The following table (Table 1) shows which Math concepts students perceived being explored while using Makerspace resources. It is important to highlight that these concepts were addressed in Thematic Units according to the organization of the scope of the discipline in Brazil, but they can inspire and be adapted to the educational realities of other countries.

TABLE 1 – Math concepts that students perceive being explored in each resource

Laser Cutter 3D Printer Robotics & Automation Low Tech Resources


6.8% 5.7% 6.7% 3.7%

Algebraic Thinking

23.8% 19.7% 15.6% 6.2%
Geometric Thinking 16.0% 13.9% 15.6%


Quantities and Measures 31.6% 37.7% 28.9%


Computational Thinking 21.8% 23.0% 33.3%


From the results presented in the table, it can be seen that students understand that Quantities and Measures are the most used TU in Modeling, Prototyping and Execution processes.

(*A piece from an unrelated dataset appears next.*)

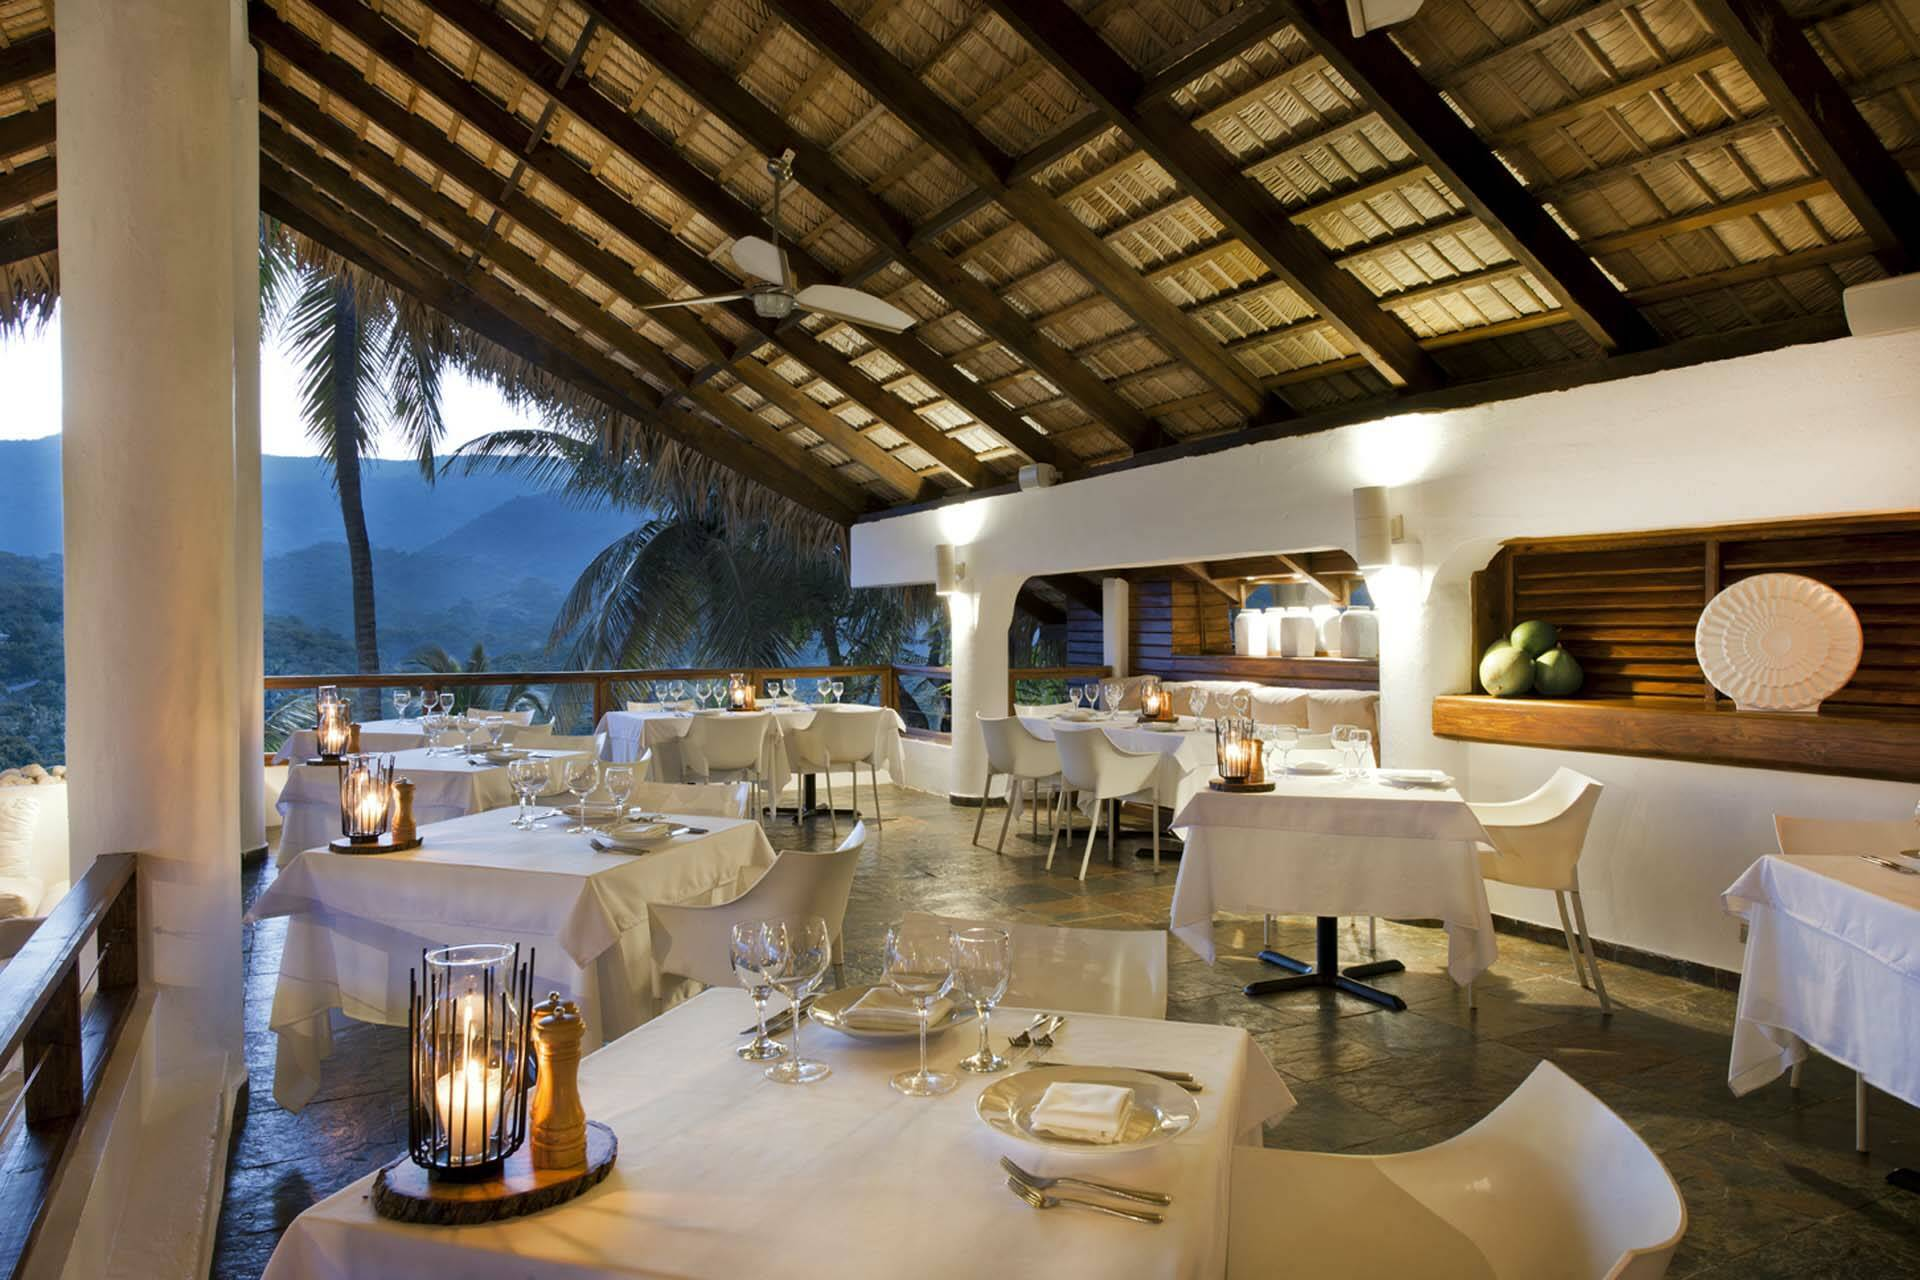 Casa Bonita Tropical Lodge Republique Dominicaine Restaurant
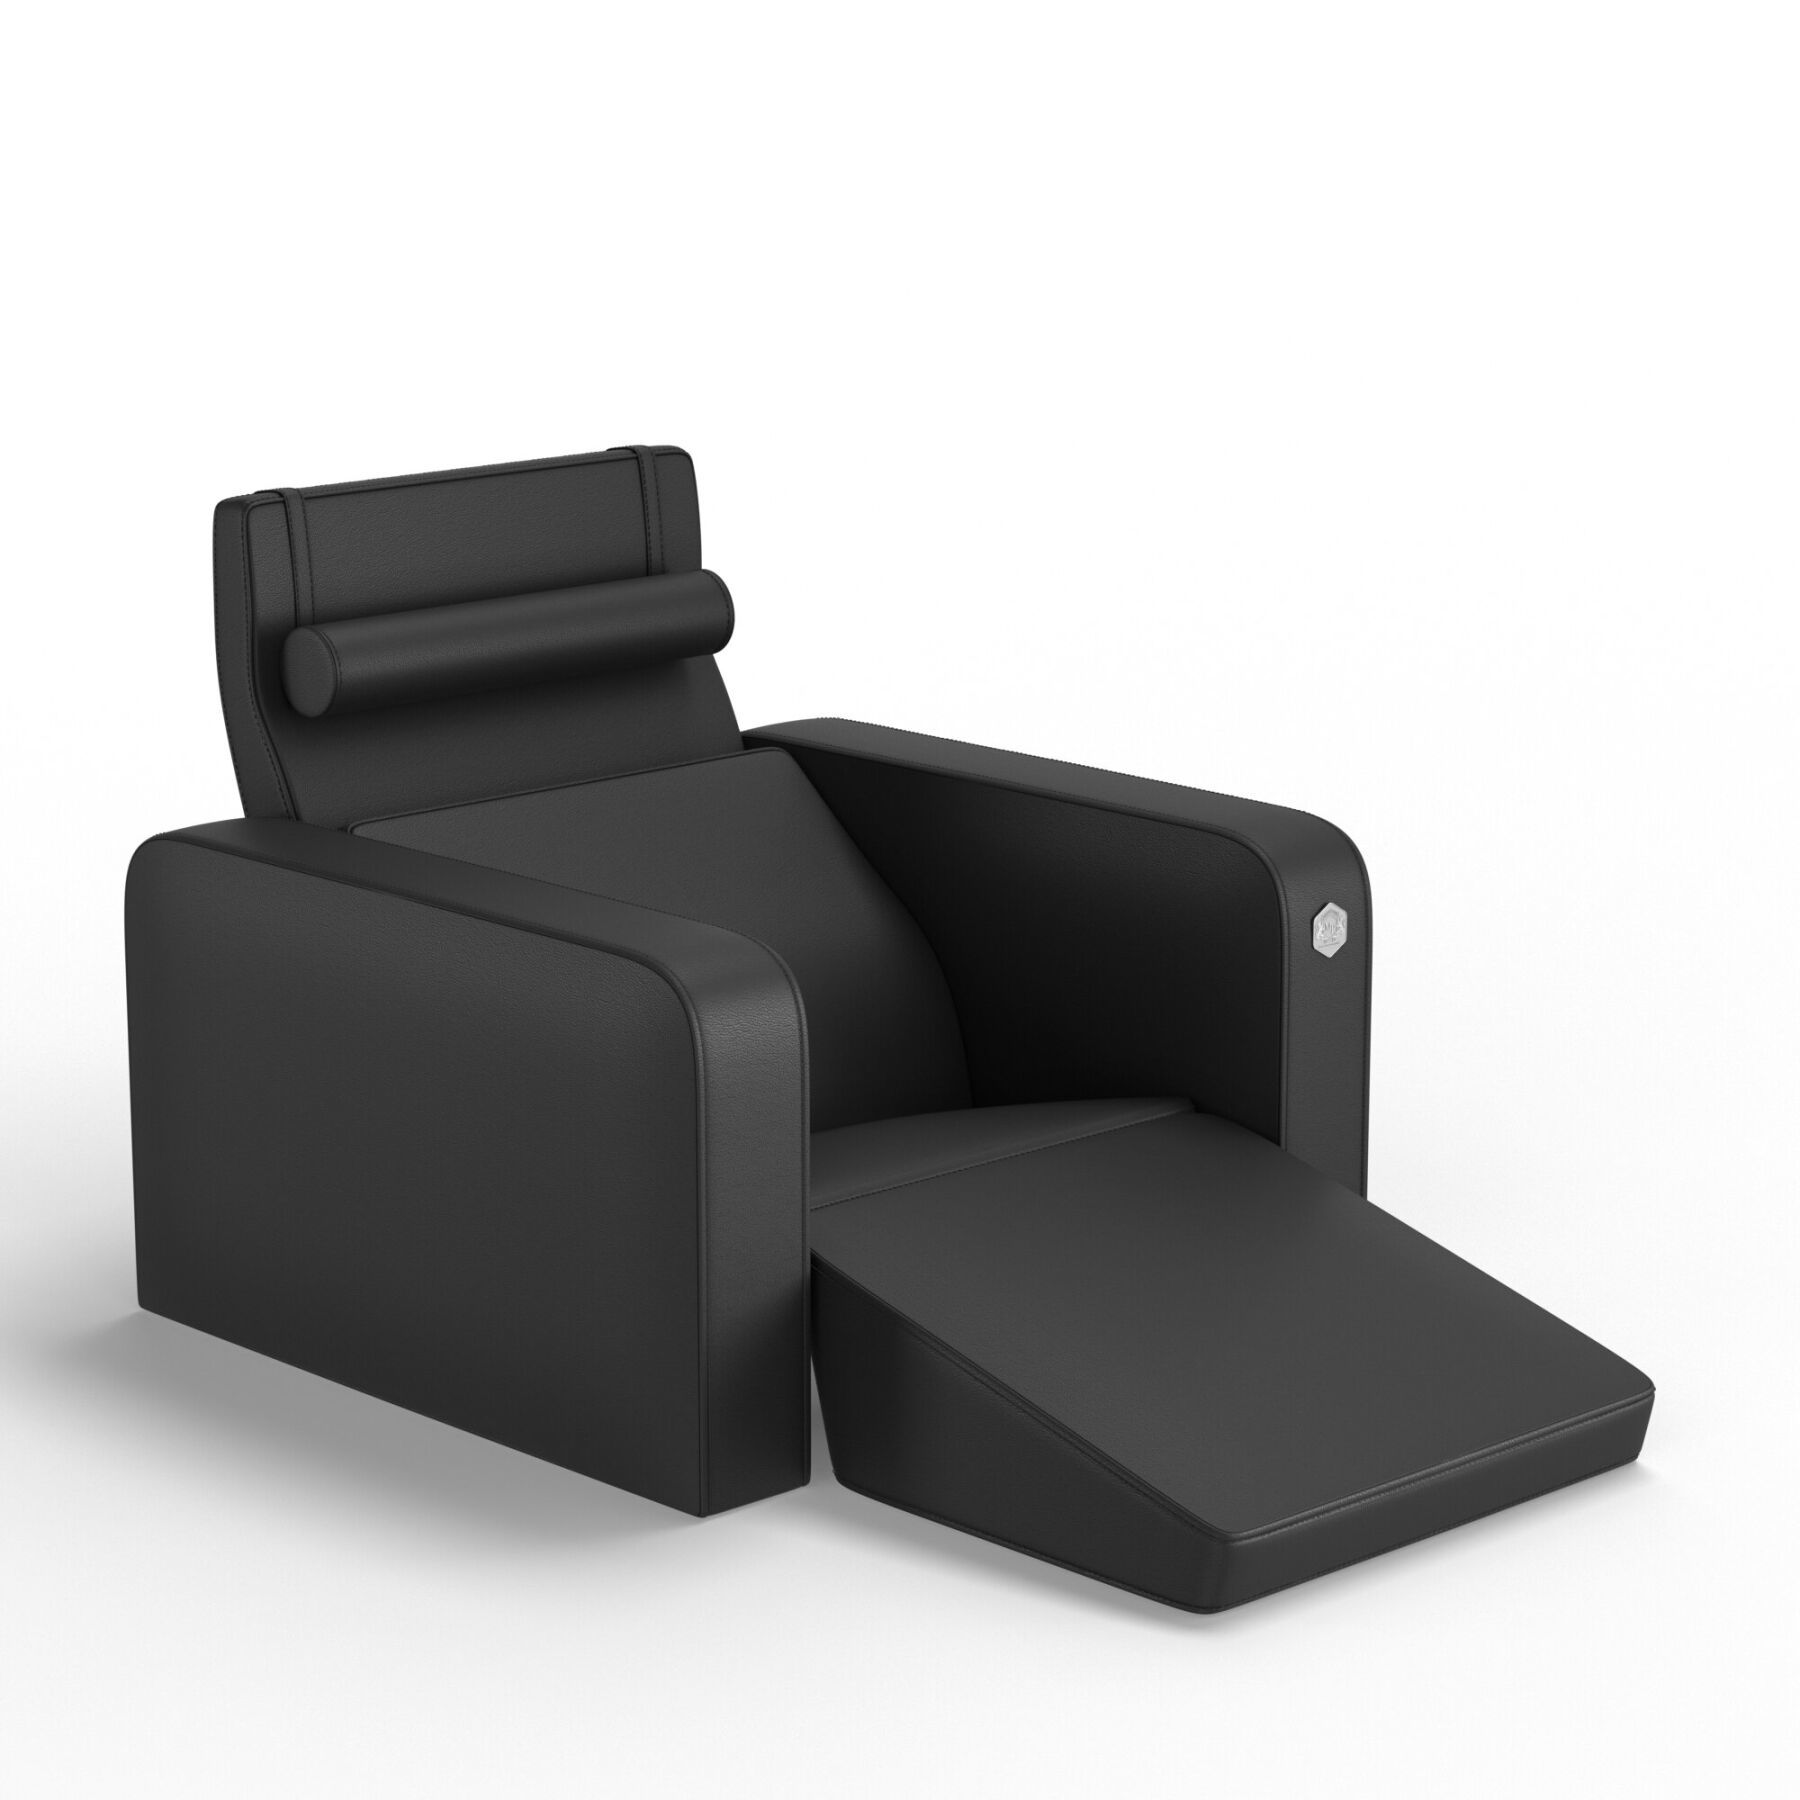 Мягкое кресло KULIK SYSTEM PLEASURE Кожа Целый

This result points to the perception of the importance of this TU when dealing with material resources, which require calculations related to measurement units, figure areas and solid volumes. Computational Thinking and Algebraic Thinking are the next ones. The manipulation of variables and methodologies to break down problems were themes highlighted by the students. It was surprising that the TU Numbers had such a low indication since the use of elements and operations with rational numbers is the foundation for carrying out the projects.


First, the study sought to analyze the resources available in Makerspace, from equipment to software, to list the main Mathematics subjects that are used during its use. This is one of the contributions of this research.

Subsequently, the application and analysis of the questionnaire pointed to the relationship between the Mathland metaphor and the proposal of a Makerland where resources used in the Makerspace are Microworlds and issues related to Mathematics are naturally explored.

It was observed that the Makerspace creates an environment where Mathematics is a natural vocabulary for those who prototype projects, thus providing the use of the discipline’s resources as naturally as when learning to speak French living in France.

The students identified the use of Mathematics concepts during the Modeling, Prototyping and Production processes and their perceptions aligned with what was identified in the preliminary study. The next step of this study is to systematically organize these issues so that they can be explored in an objective way when the student carries out projects in the Makerspace, so that what is applied and learned from the discipline, during the prototyping process, can be evaluated. The result of this new research will be published in the future.